The new device measures cell membrane electric potential. All cells generate a membrane potential thanks to their internal enzyme redox chemistry. Oncoprobe's ultra-sensitive electrochemical assay consists of a biosensor that detects and measures real-time in vitro changes to this cell membrane potential, thus indicating the effects of anticancer drugs on tumour cells.  

The technology evolved out of personal tragedy. University of Manchester scientist David Geary's wife died of cancer. Friend and colleague biochemist David Woolley told Geary that clinicians could not predict patient response to chemotherapy. As a corrosion scientist, Geary wondered whether electrochemistry could be used to predict which drugs would knock out cancer cells. Oncoprobe spun out from the University of Manchester in 1999 after a third scientist, Bob Eden, developed a working prototype.  

Oncoprobe developed a disposable bioassay unit in collaboration with Derbyshire-based instrument makers Uniscan Instruments. It comprises eight culture wells each containing three gold sensors positioned around a reference electrode. This arrangement allows simultaneous testing of a patient's biopsied tumour cells to determine how different drugs or drug combinations affect them.  

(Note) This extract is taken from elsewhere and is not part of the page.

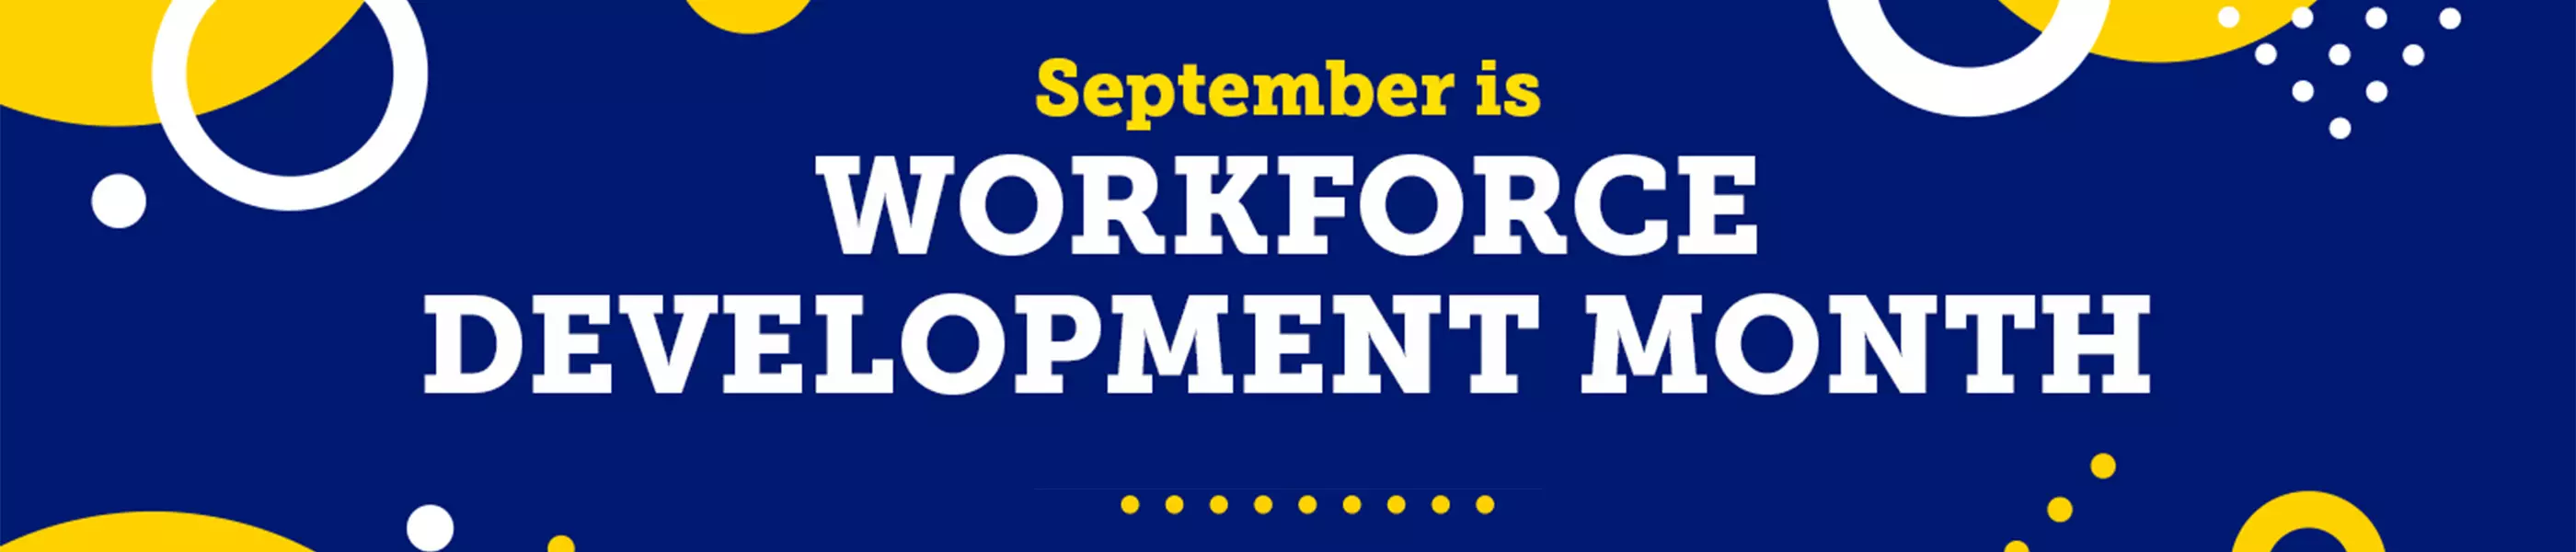 September is Workforce Development Month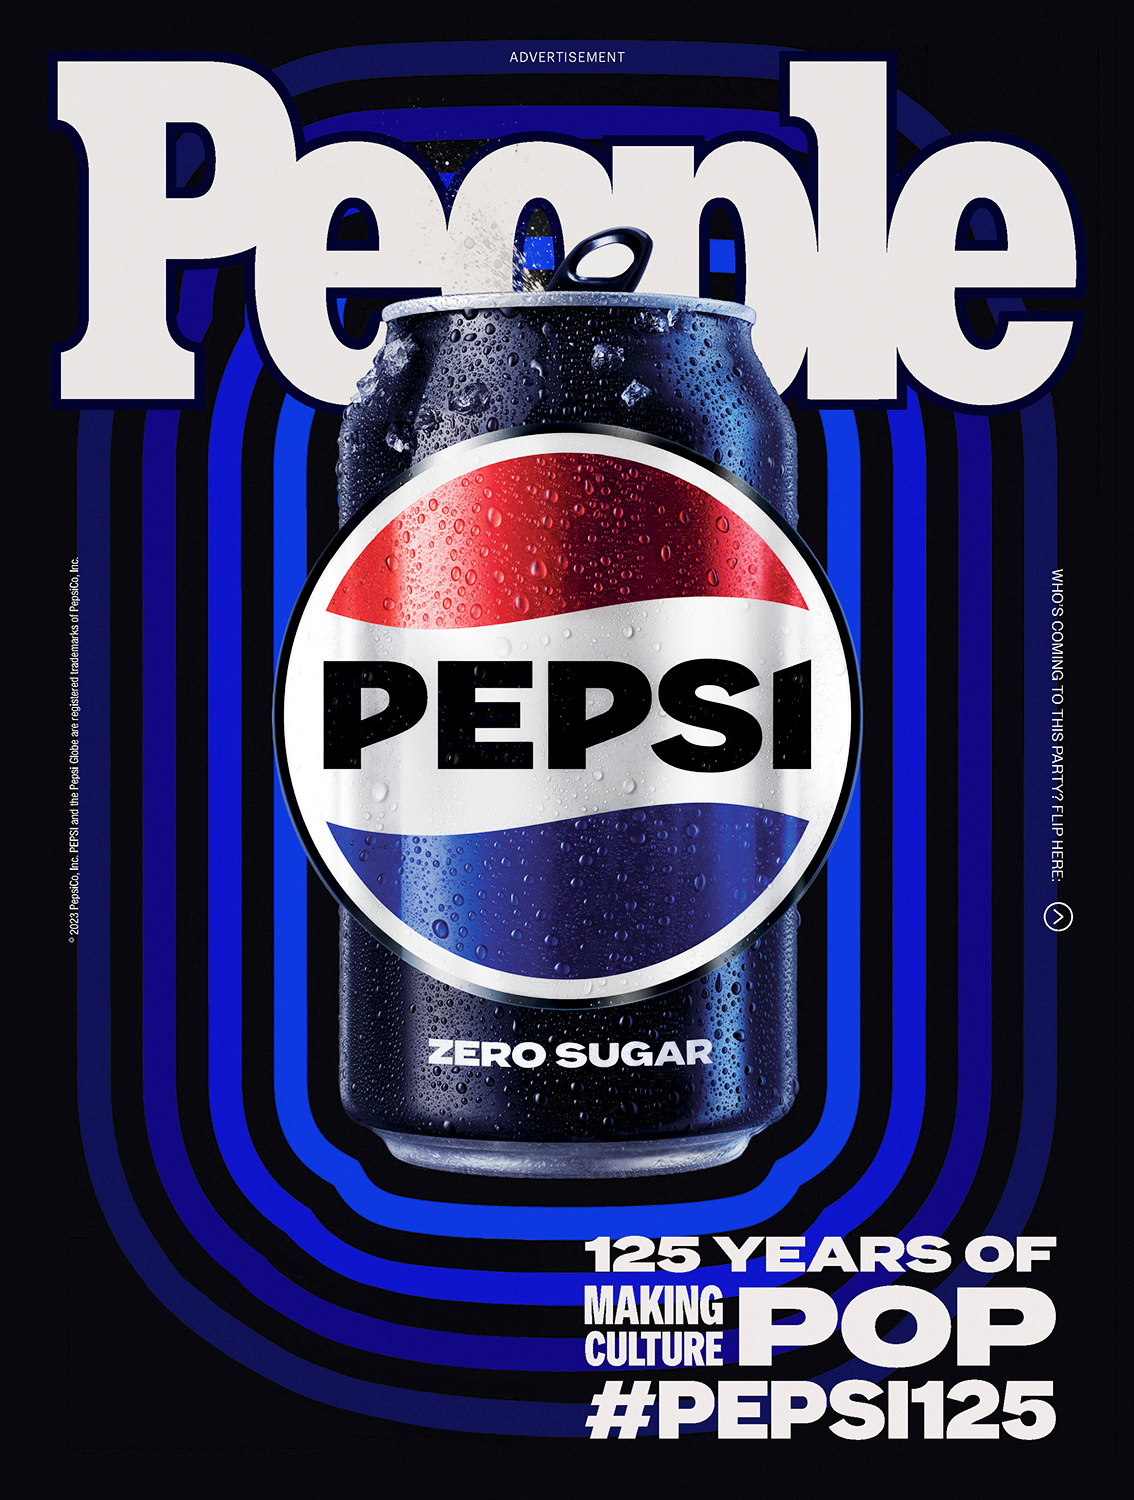 People_Pepsi_Final_Sml

Oncoprobe scientists had previously shown that tumour cells attach to a gold electrode and produce an electrochemical open circuit potential (OCP) that undergoes reproducible changes when responding to anticancer drugs. This produces detectable changes in cell-membrane potential well before other morphological changes.  

The bioassay unit's success is due to the passiveness of the technique. 'We don't do anything to the cells,' said Oncoprobe chairman, Jim Bristow, 'simply take them as a biopsy, separate them from normal cells, and put them into the sensor to be measured.'  

After successful results on laboratory rats, Oncoprobe are about to start human trials.